The findings seem to suggest that vascular disease, not necessarily stroke (major or mini), cause a loss of loss of nitric oxide in the endothelium, a condition known as endothelial dysfunction. It is a result of dysfunction in the lining of blood vessels wherein oxygen is impeded from entering tissue from the vessels.
This is seen as a precursor to AD and a contributor after AD sets in.
This answers part of a long posed question I have regarding Stroke vs. AD as cause of progressive dementia. So fat the literature has suggested either or both can cause the onset and progression of dementia. But to this date all I have read has not taken vascular cause beyond major or minor strokes, each event oriented, not progressive other than in the repeat of instances in which a stroke occurs.
This finding pointing to another cause, namely, vascular disease, as a significant cause of AD. The importance for me has to do with the issue of the brain’s ability to regenerate new tissue and find pathways around the damage causing lost function. It happens with stroke. The National Health Institute (NIH) has arrogantly declared “nothing will stem the tide of progression with AD,” and no literature I have been able to find bears directly on the issue.

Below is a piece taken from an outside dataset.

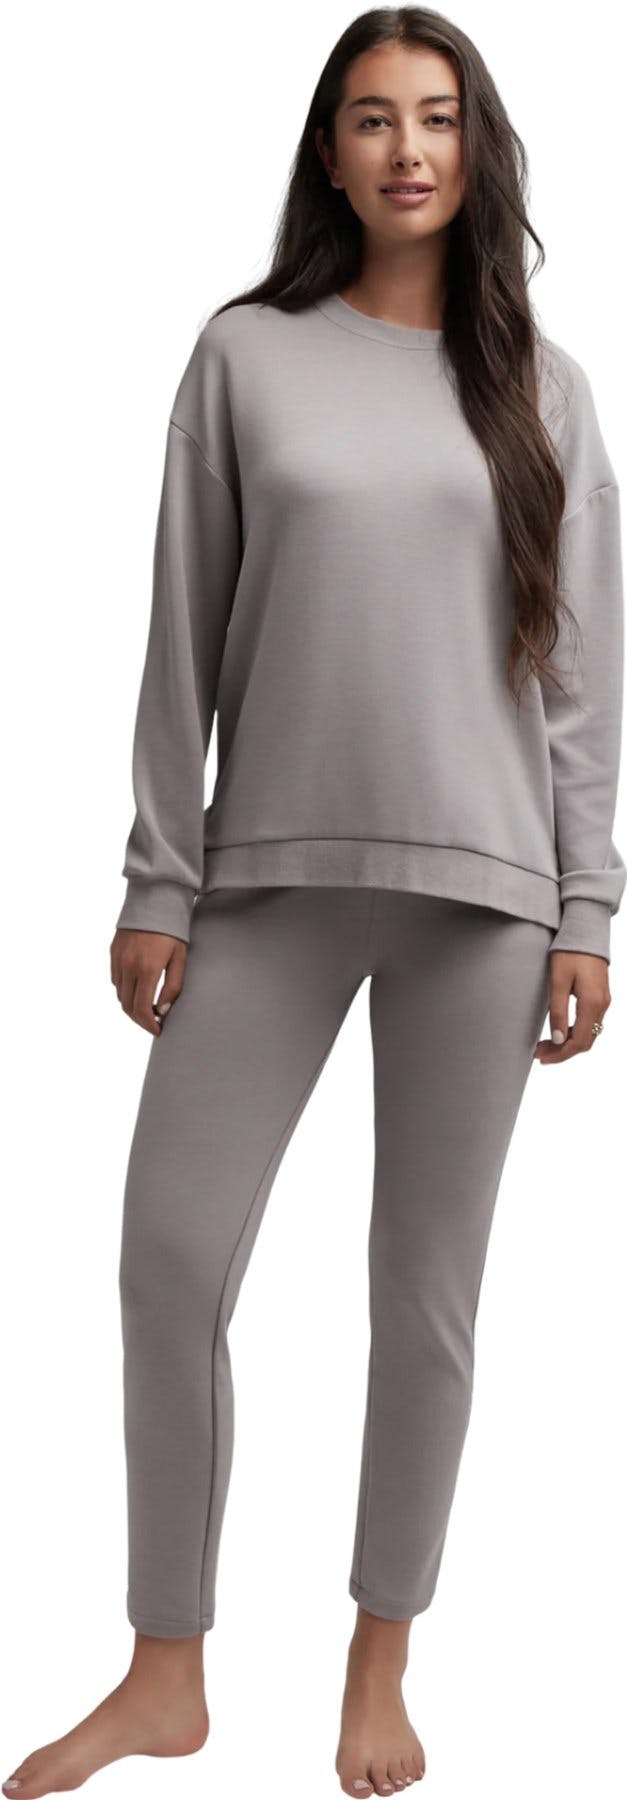 Product image for Sunday Crewneck Sweatshirt - Women's

This finding also gives credence to one of the three primary Best Practice recommendations of: “Eat Right, Exercise Daily, Participate in Social, Creative and Intellectually Stimulating Activity.” They validate exercise, one of the three, the why it does further explained in this article. They also give rationale for eating right, namely following a cholesterol free diet.
Participating in Social, Creative and Intellectual Stimulating Activity, needs little validation; it speaks for itself.
Perhaps another sub-practice ought to also be emphasized, “Get off your chair, get outta the house and see people.” This in itself increases quality of life. Forging a good quality in your life is probably the premier method to live with, tolerate and make the best of having this disease.